3

I know the cardinal rule of SE is to not ask a question without giving examples of what you've already tried, but in this case I can't find where to begin. I've looked at the documentation for MongoDB and it looks like there are only two ways to calculate storage usage:

  1. db.collection.stats() returns the statistics about the entire collection. In my case I need to know the amount of storage being used to by a subset of data within a collection (data for a particular user).
  2. Object.bsonsize(<document>) returns the storage size of a single record, which would require a cursor function to calculate the size of each document, one at a time. My only concern with this approach is performance with large amounts of data. If a single user has tens of thousands of documents this process could take too long.

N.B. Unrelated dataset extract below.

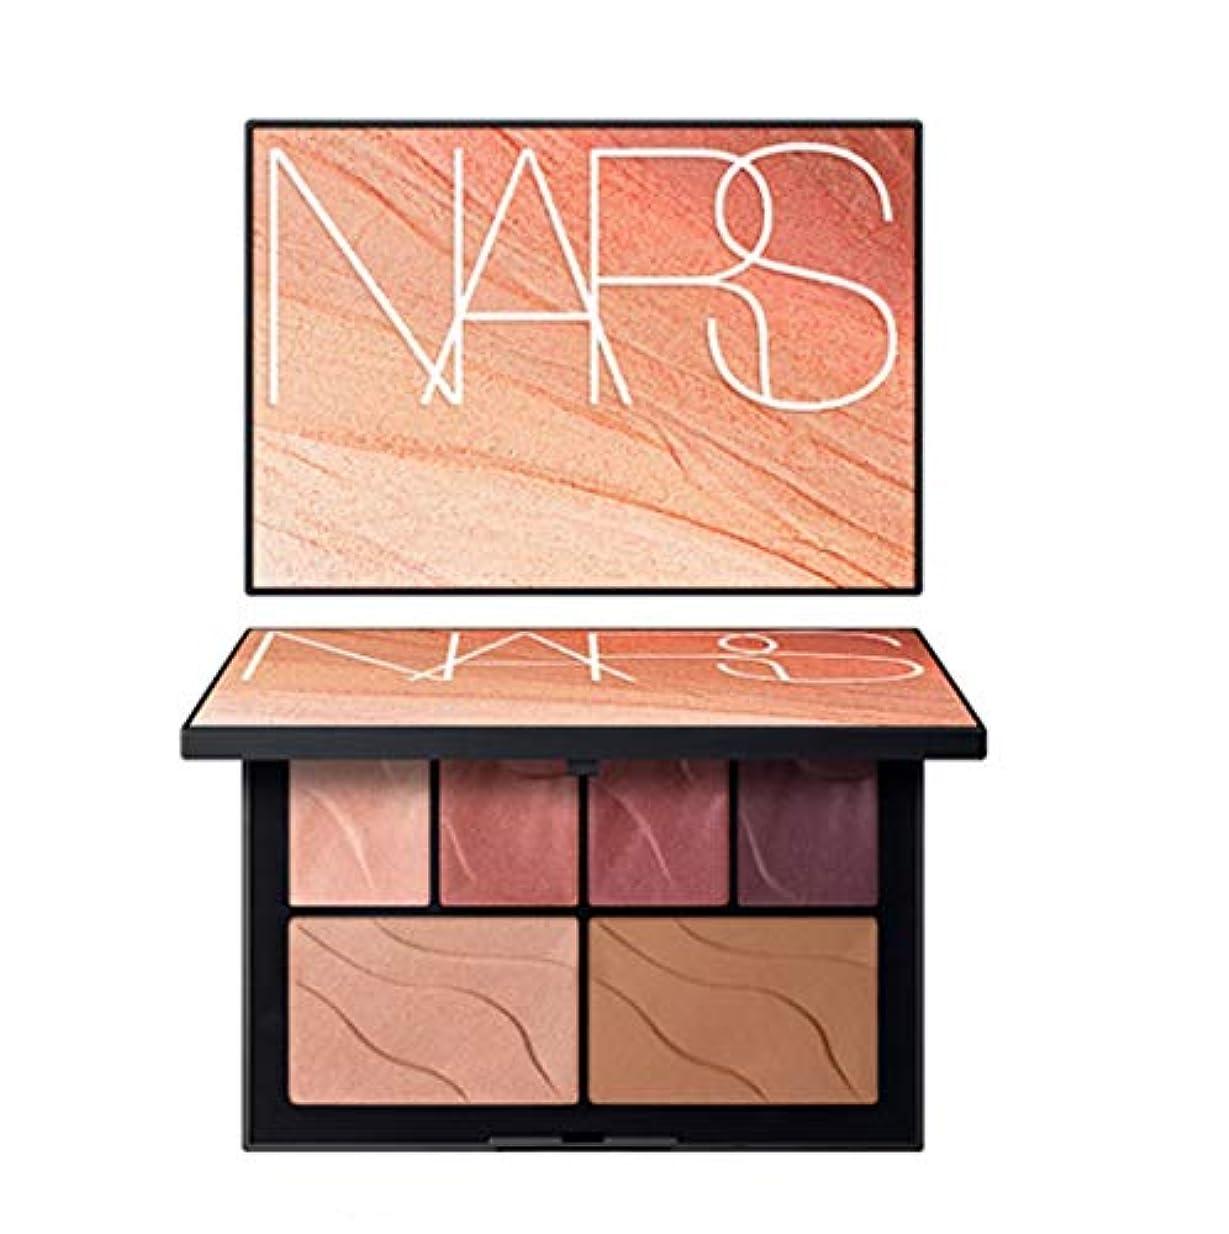 シソーラス異常洞察力NARS(ナーズ)[2019 Summer Color Collection] Face Palette HEAT OF THE NIGHT #hot lights(並行輸入品)

Does anyone know of a way to calculate the aggregate document size of set of records within a collection efficiently and accurately.

Thanks for the help.

Brian Shamblen
  • 4,653
  • 1
  • 23
  • 37

1 Answers1

1

This may not be the most efficient or accurate way to do it, but I ended up using a Mongoose plugin to get the size of the JSON representation of the document before it's saved:

module.exports = exports = function defaultPlugin(schema, options){
    schema.add({
        userId: { type: mongoose.Schema.Types.ObjectId, ref: "User", required: true },
        recordSize: Number
    });

    schema.pre('save', function(next) {
        this.recordSize = JSON.stringify(this).length;
        next();
    });
}

This will convert the schema object to a JSON representation, get it's length, then store the size in the document itself. I understand that this will actually add a tiny bit of extra storage to record the size, but it's the best I could come up with.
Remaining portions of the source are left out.